Voicing the conclusions of the report, Lydia Mikheeva emphasized that in 2021 it will be important to continue monitoring the effects of the pandemic and its impact on citizens in vulnerable situations, and to consolidate the efforts of the non-profit sector and the volunteer movement in order to help such people; identify, support and disseminate civil initiatives to preserve and increase the population; accelerate the introduction of a high-quality information system for monitoring the implementation of national projects and increase information transparency.
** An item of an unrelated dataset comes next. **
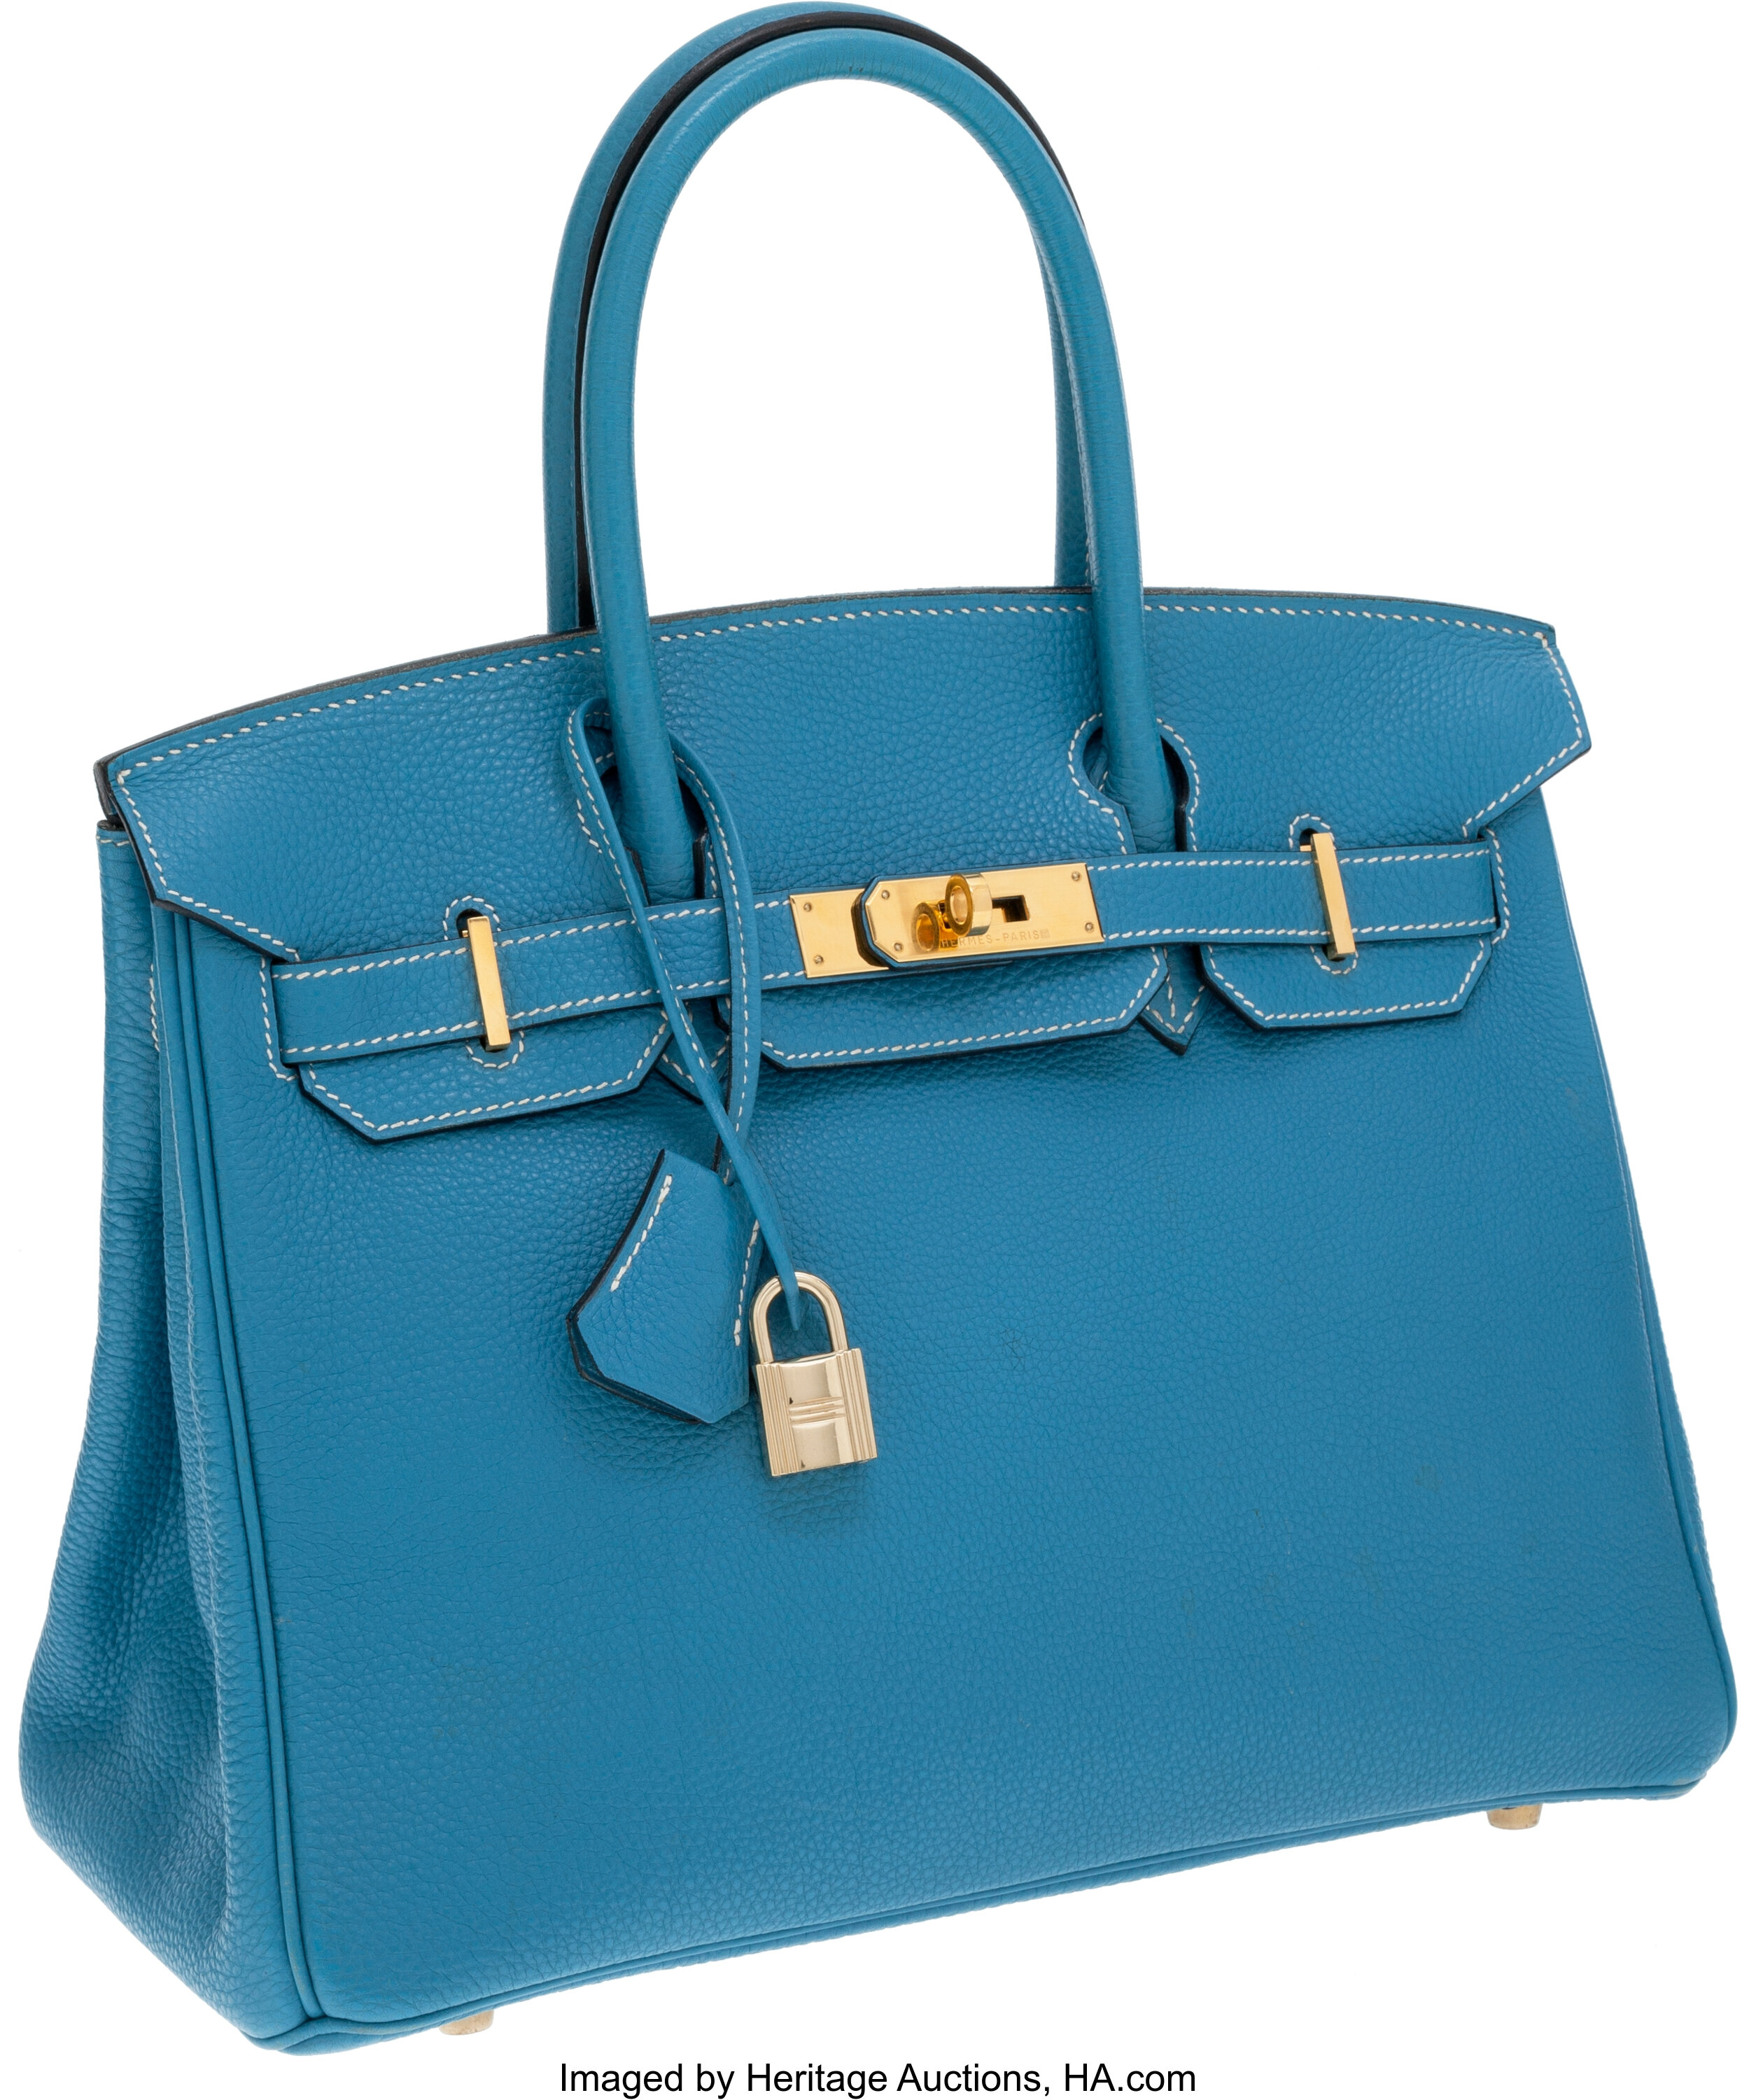 Hermes 30cm Blue Jean Togo Leather Birkin Bag with Gold Hardware. | Lot ...

She also suggested expanding the section “Information sovereignty” in the draft report by adding the results of public discussions held at the Civic Chamber of the Russian Federation and rename this section “Civil society and protection of sovereignty.” “It should reflect the needs and concerns of the non-profit sector, and proposals for balancing national security issues with community activists,” she said.
“As a key institution of Russian civil society, the Civic Chamber will continue to monitor events, phenomena and changes in public life, as well as draft bills and decisions adopted by the authorities; analyze their possible consequences, the reaction of citizens and society as a whole; interact with representatives of social groups, leaders of public institutions and the government in order to ensure that civil initiatives reach the authorities and public interests are taken into account by the state when making decisions,” concluded Lydia Mikheeva.
The head of the Civic Chamber of the Russian Federation urged the participants of the plenary session to express their comments and additions to the draft report, the text of which will be finalized following the discussions. The final version of the 2020 Report on the state of Civil Society in Russia will be published before the end of the year.